* _Task details_
Nothing in the listing should be altered when it is copied, and no picture goes into the copy.

* _Given material_
----------------------------------------

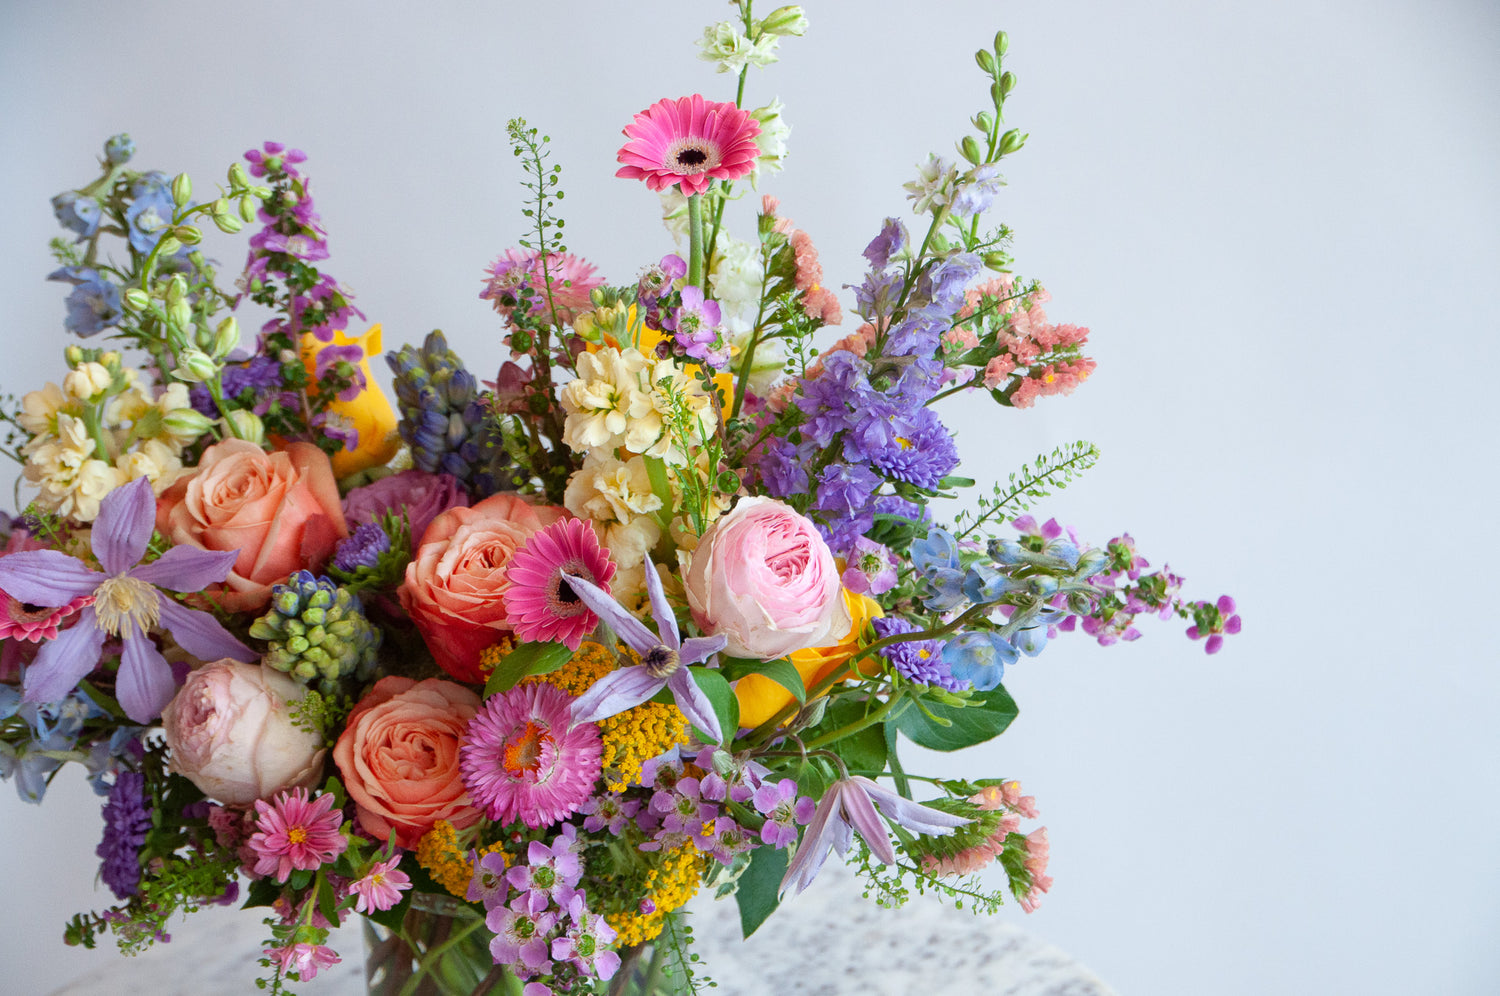 Close up of the blooms in a flower arrangement. The flowers are many colors and include roses, tulips, daisies, snapdragon, clematis, stock, straw flower, and delphinium.
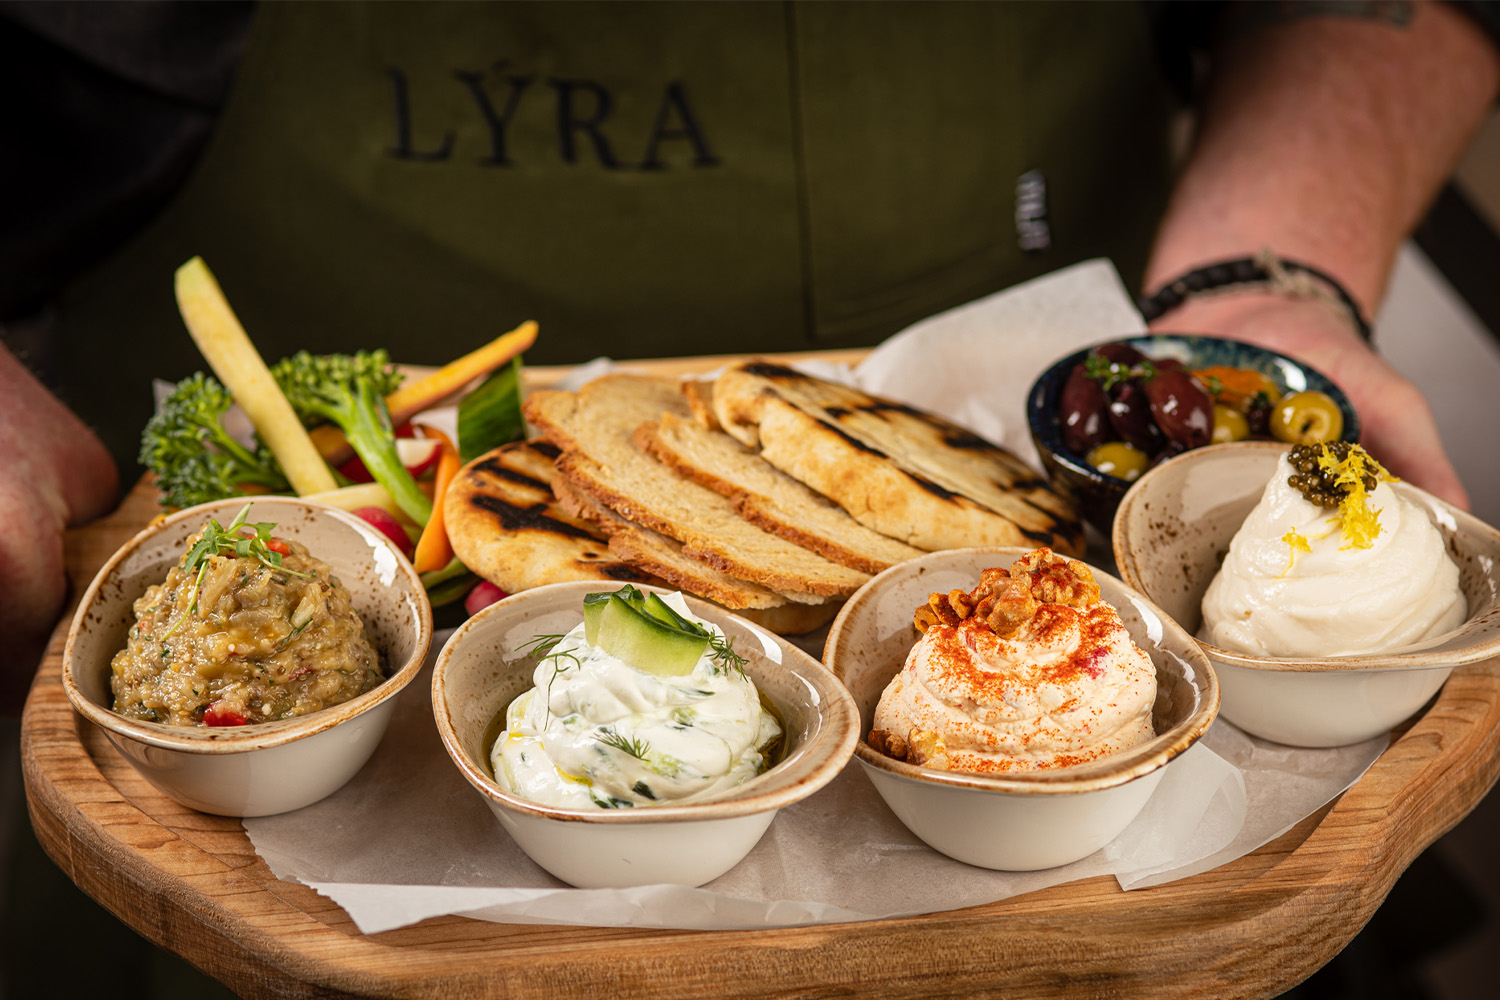 A platter of spreads from Lyra. 
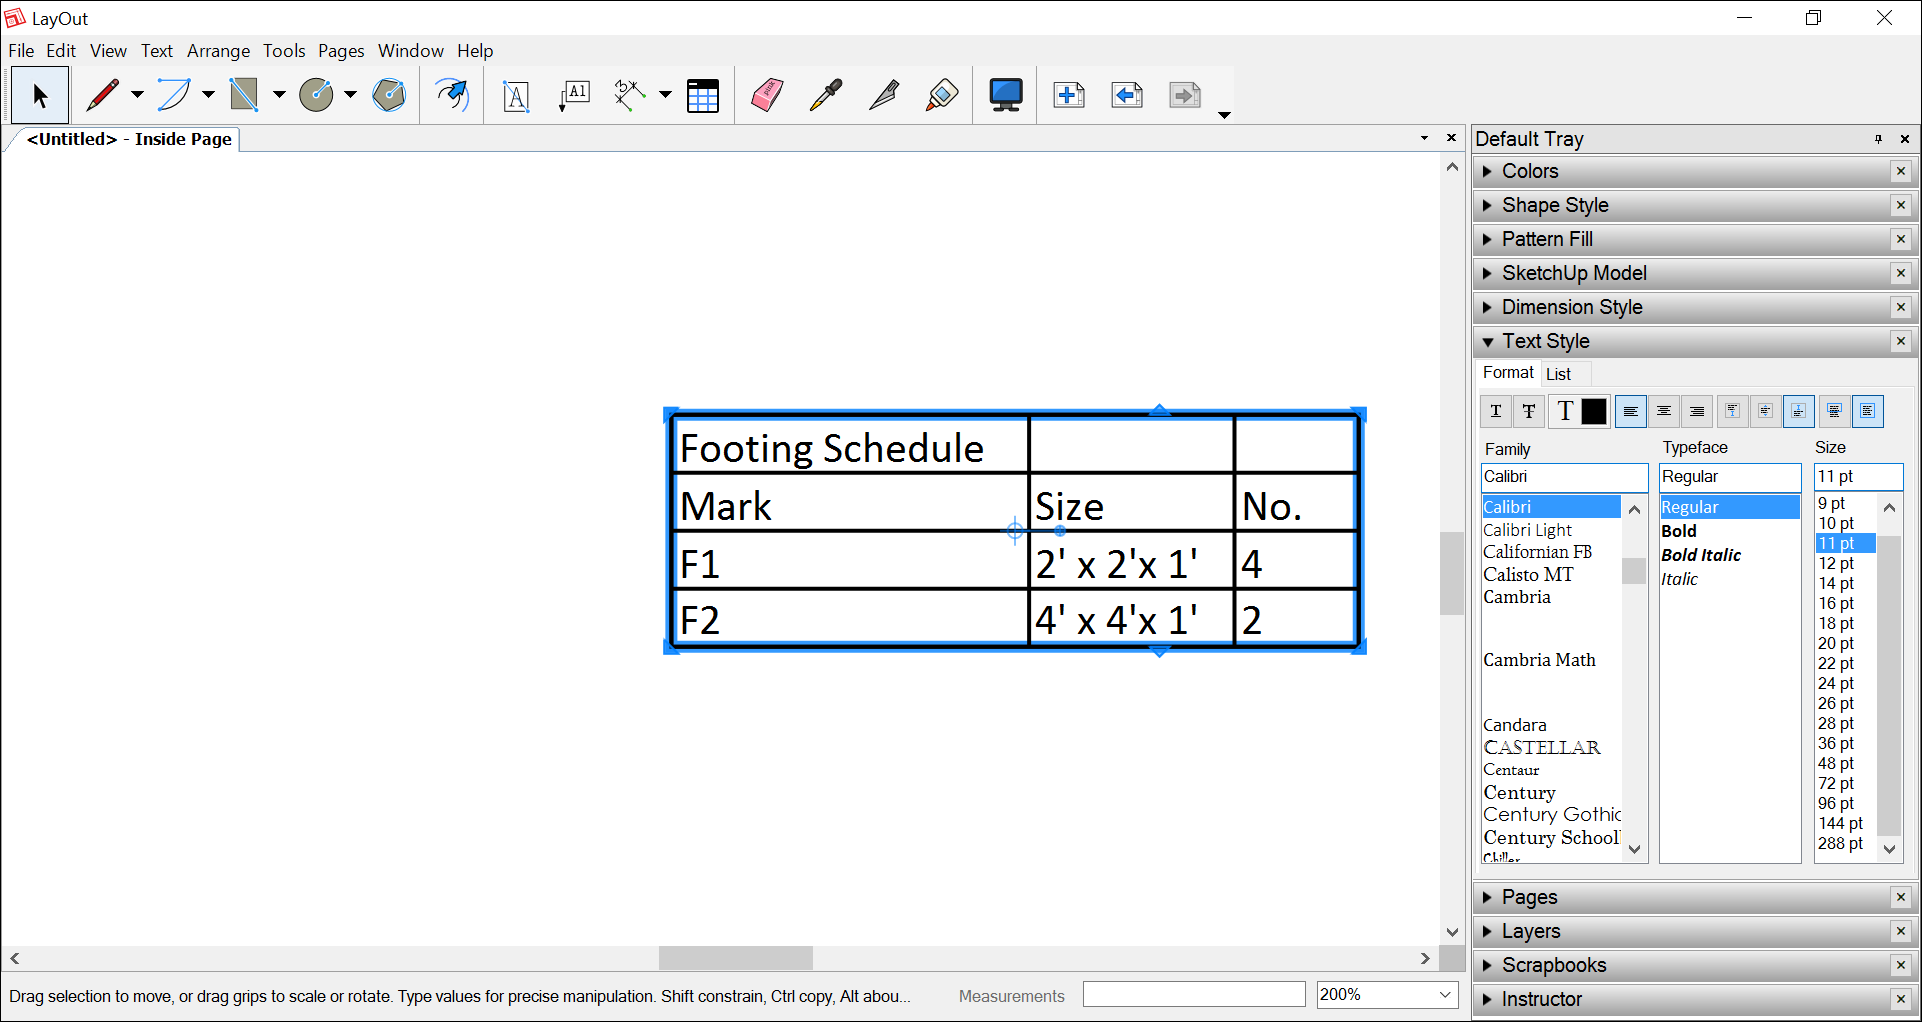 In LayOut, you can insert data from a spreadsheet as a table entity

----------------------------------------

* _Answer to this exercise_
 Close up of the blooms in a flower arrangement. The flowers are many colors and include roses, tulips, daisies, snapdragon, clematis, stock, straw flower, and delphinium.
 A platter of spreads from Lyra. 
 In LayOut, you can insert data from a spreadsheet as a table entity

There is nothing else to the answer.